Prévenir les conflits d’intérêts en matière d’urbanisme

Nos publications 12 avril 2018

Article publié dans l’hebdomadaire La Gazette des communes du lundi 9 avril 2018.

Conflit d’intérêts : Situation d’interférence entre un intérêt public et des intérêts publics ou privés de nature à influencer ou à paraître influencer l’exercice d’une fonction publique.

Conseiller intéressé : Situation d’un élu local intéressé au vote d’une délibération, qui peut entraîner la nullité de cette dernière si l’élu en question a été en mesure d’exercer une influence sur cette décision.

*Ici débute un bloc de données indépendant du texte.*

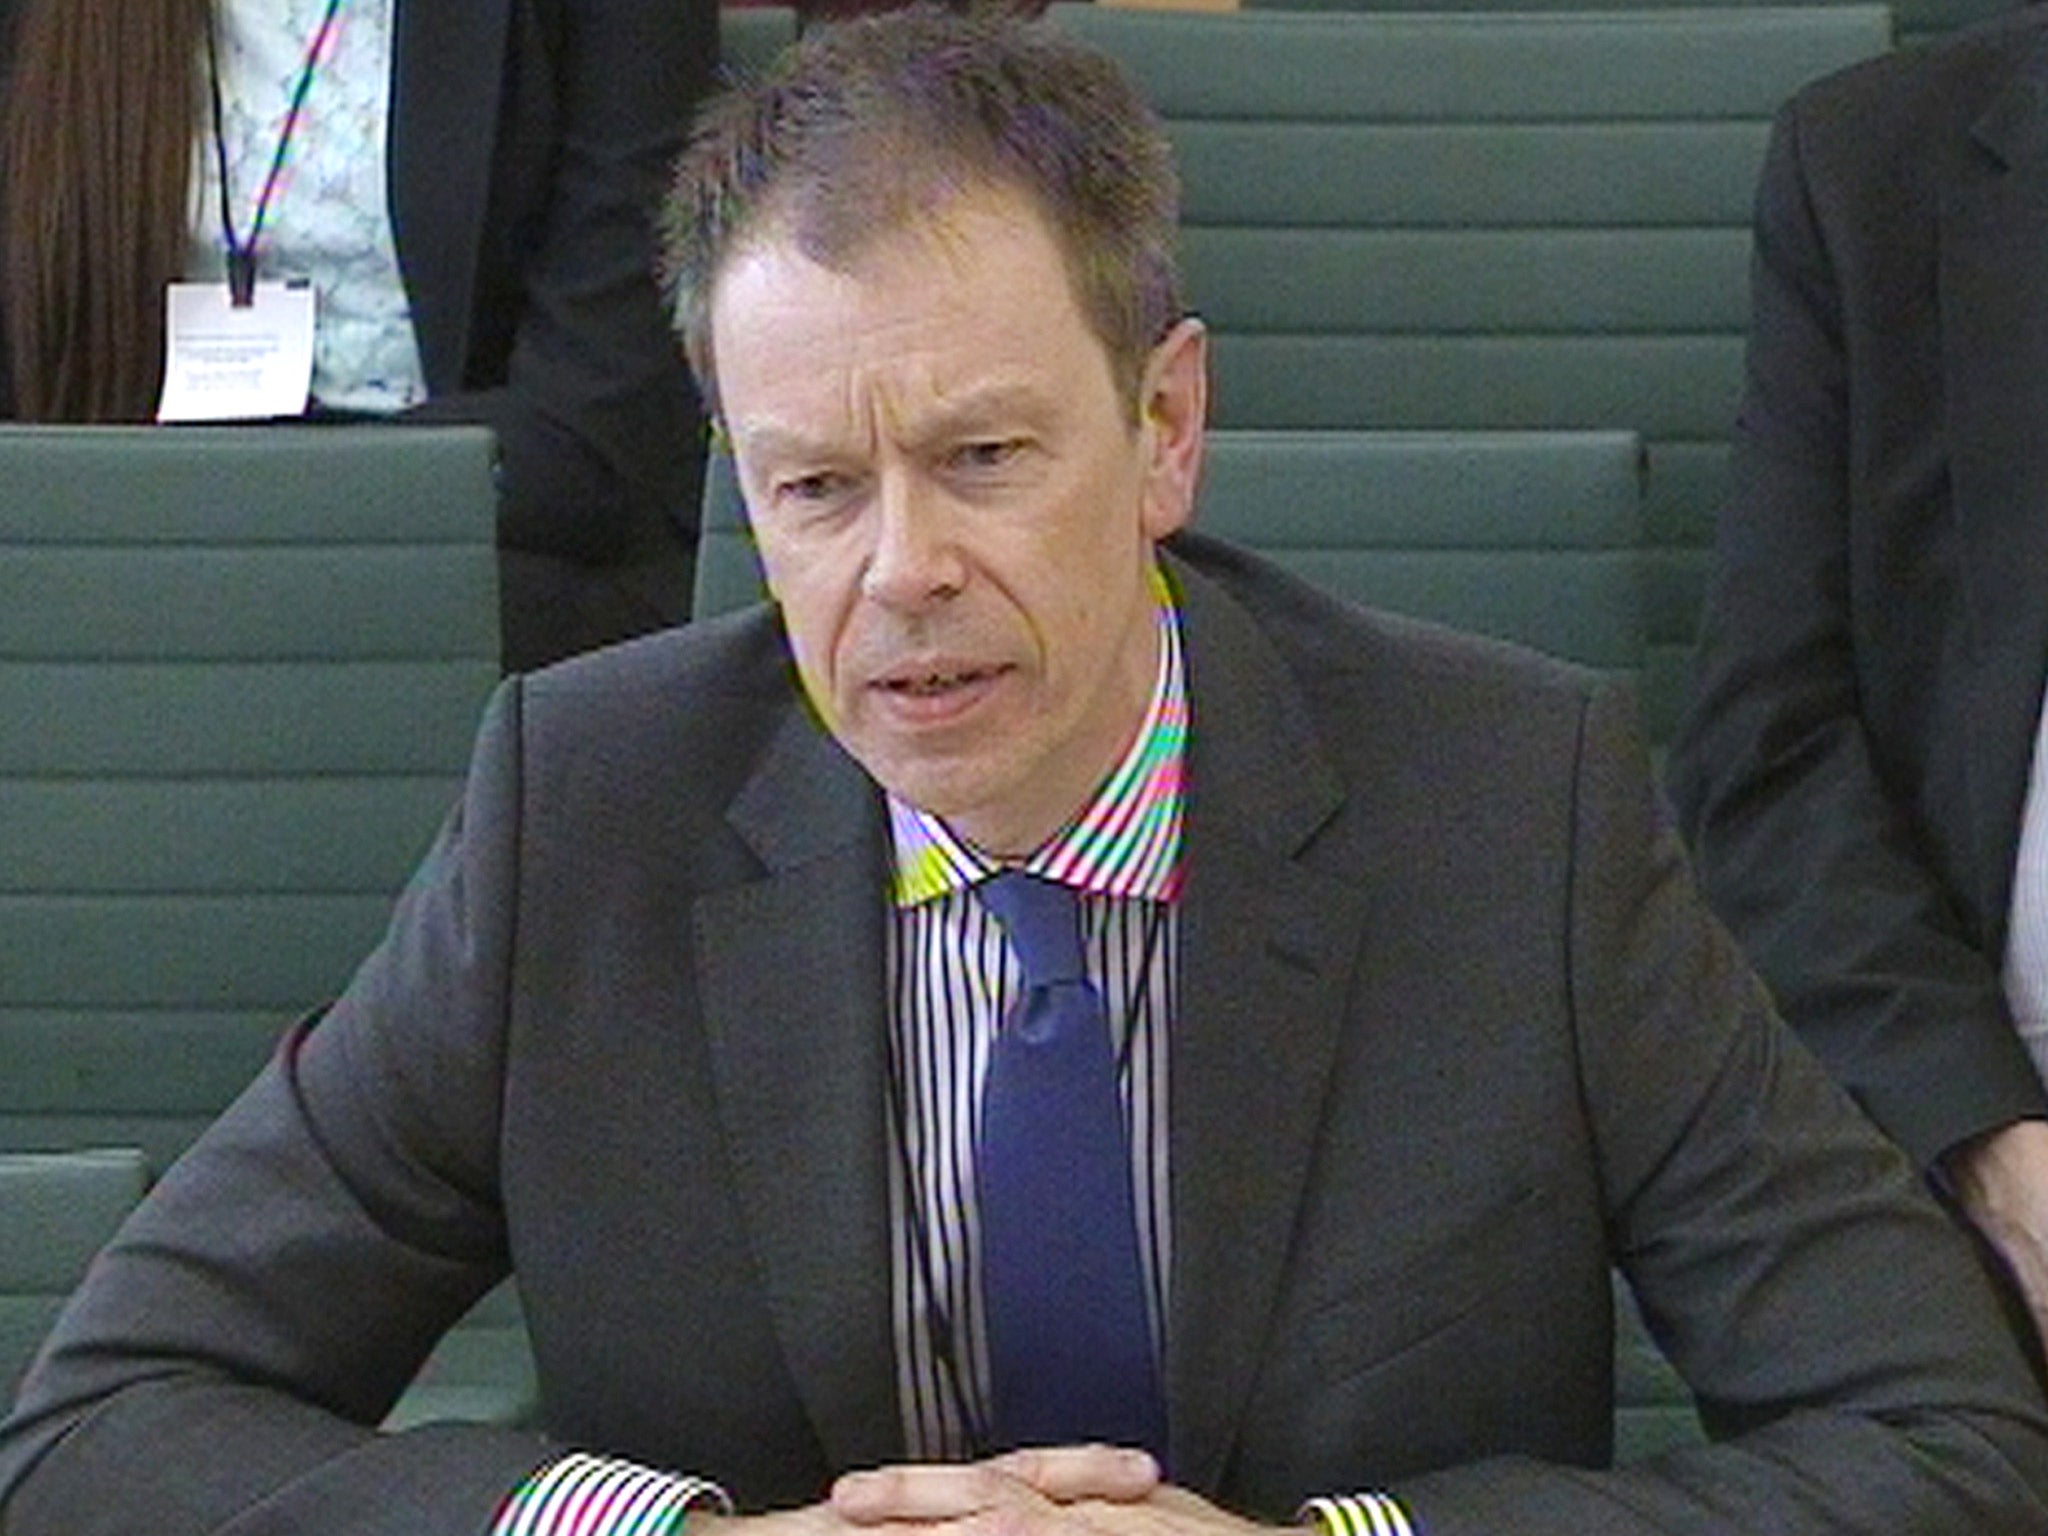 The head of the Passport Office, Paul Pugh gives evidence to Commons Home Affairs Committee

Prise illégale d’intérêts : Délit sanctionnant une situation de conflit d’intérêts imputable à une personne dépositaire de l’autorité publique, chargée d’une mission de service public ou investie d’un mandat électif public.

1 – Mesurer la différence entre l’analyse du juge administratif et celle du juge pénal

La présence d’un « conflit d’intérêts » durant le processus d’adoption d’une décision administrative est susceptible d’être appréhendée à deux titres :

1./ devant le juge administratif, annulation de la délibération adoptée en présence d’un ou plusieurs  « conseillers intéressés à l’affaire »

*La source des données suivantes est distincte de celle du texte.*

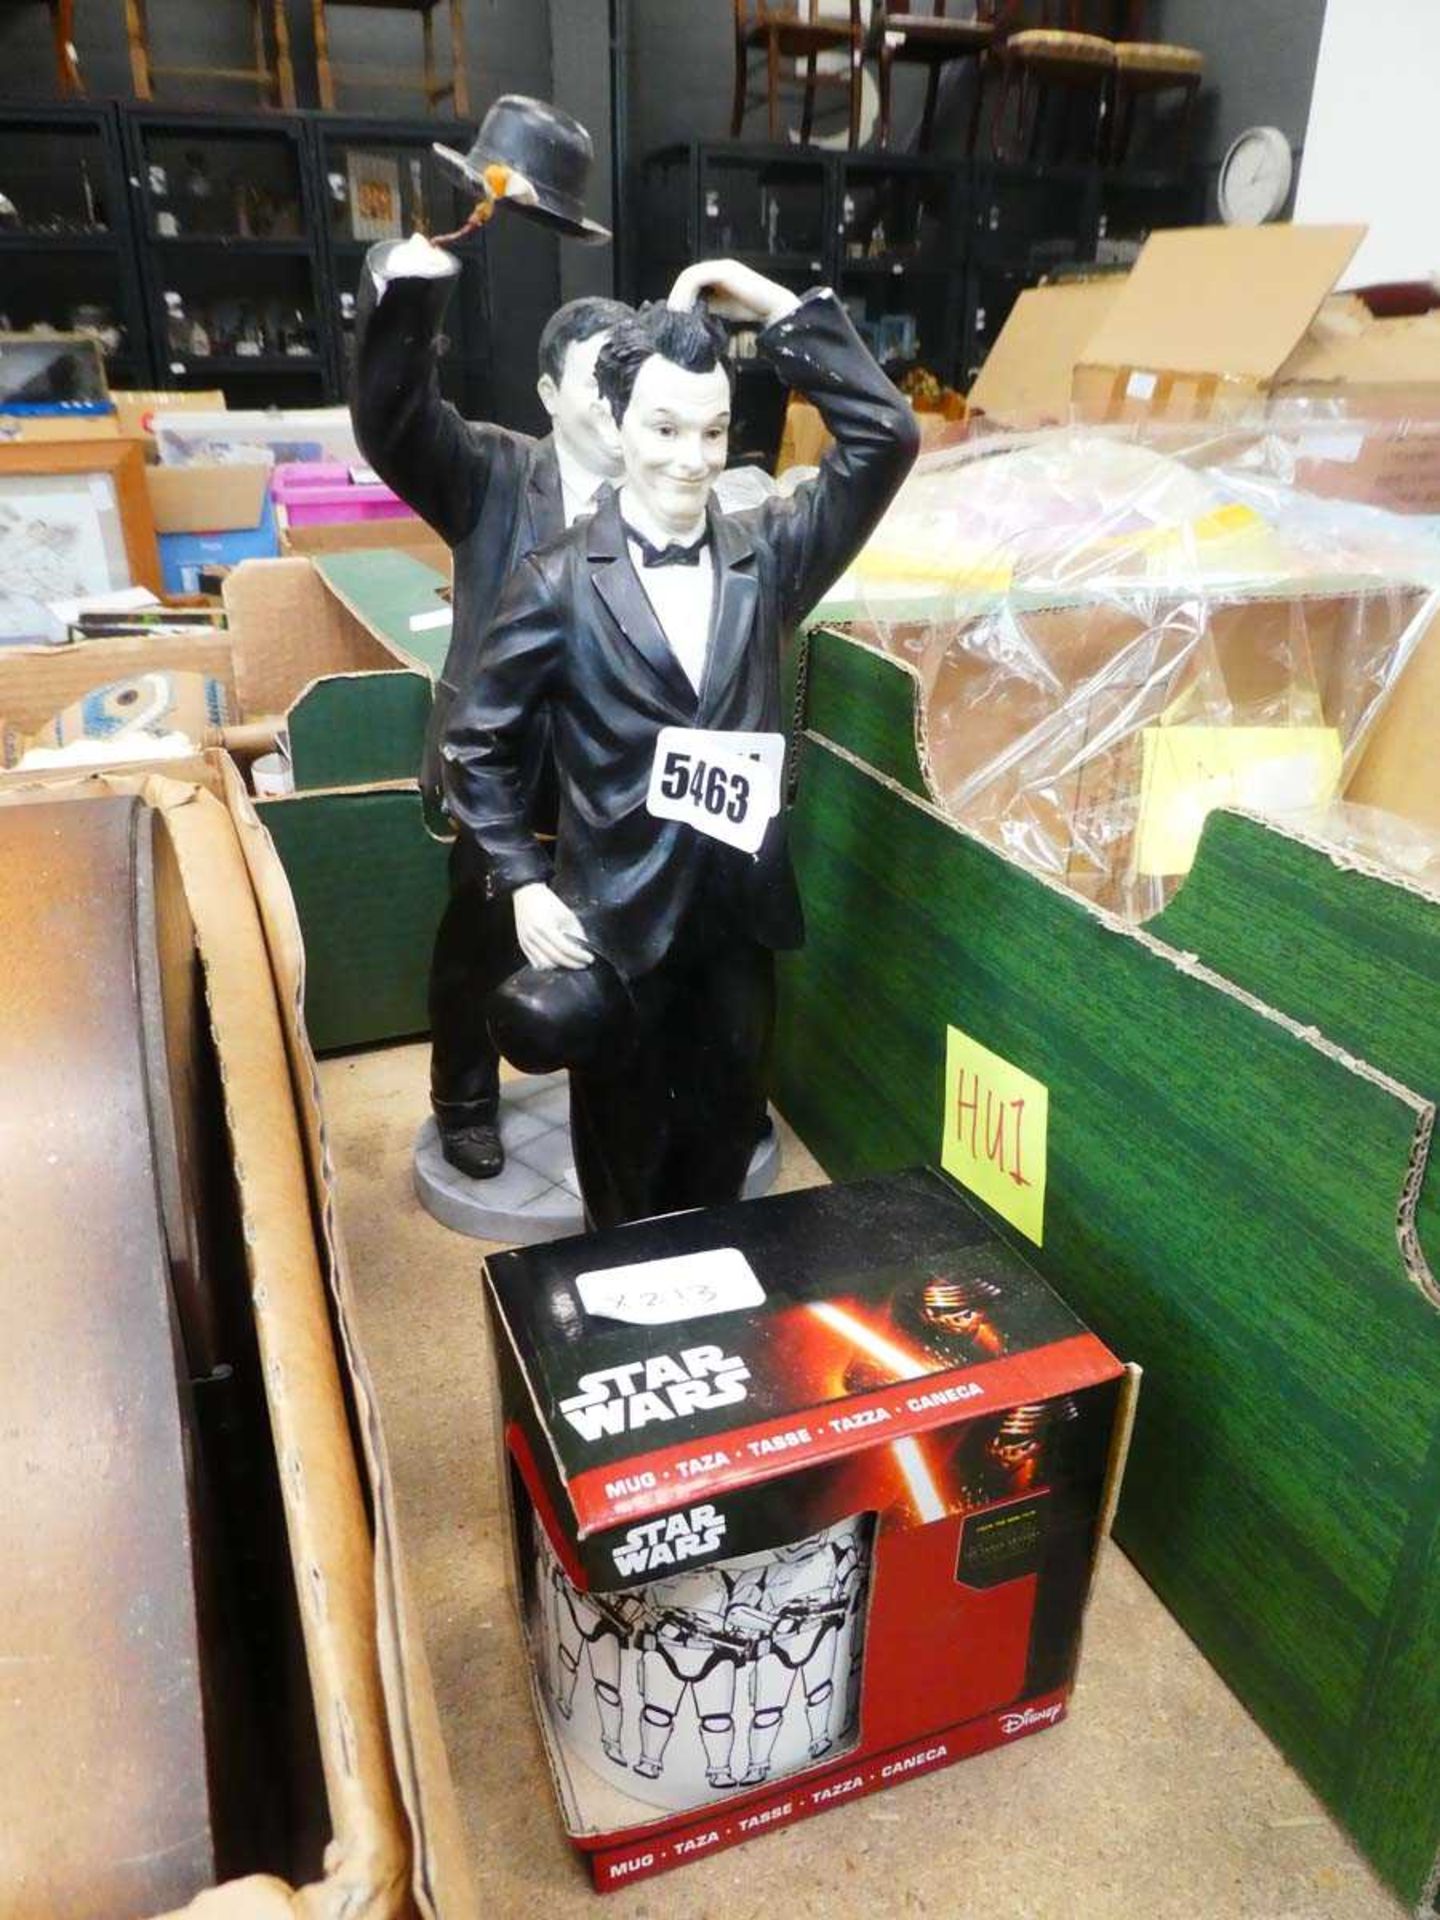 Two resin figures of Laurel and Hardy and a Star Wars mug

2./ devant le juge pénal, poursuites du chef de prise illégale d’intérêts à l’encontre de l’élu ou de l’agent concerné.

Ces compétences parallèles des juges pourraient s’exercer de manière cohérente. Il n’en est rien. Les démarches des deux juges s’inscrivent en effet dans des logiques assez profondément différentes. Avant d’annuler une délibération, le juge administratif s’attache en effet à examiner d’abord si l’intérêt en cause se confond avec l’intérêt général et ensuite à rechercher quel a été l’impact concret du conflit d’intérêts sur la décision adoptée. En d’autres termes, le juge administratif recherche «  si le conseiller municipal intéressé a été en mesure d’exercer une influence sur la délibération ». Le juge pénal quant à lui est indifférent à l’influence effective de l’élu sur la décision adoptée et au fait que l’intérêt en cause ne soit pas contraire à l’intérêt général. Seul compte le fait que le cumul d’intérêts en présence soit susceptible de faire naître dans l’esprit d’un observateur extérieur « un doute sur l’impartialité et l’objectivité »de la décision. L’approche pénale, on l’aura compris, est infiniment plus menaçante : l’apparence, seule, suffit pour justifier la sanction. Et c’est donc cette approche pénale, synthétisée par le législateur à l’article 2 de la loi du 11 octobre 2013 comme « toute situation d’interférence entre un intérêt public et des intérêts publics ou privés qui est de nature à influencer ou à paraître influencer l’exercice indépendant, impartial et objectif d’une fonction » qui doit être adoptée comme référentiel, sauf à exposer les élus et les agents à un risque de poursuite du chef de prise illégale d’intérêts.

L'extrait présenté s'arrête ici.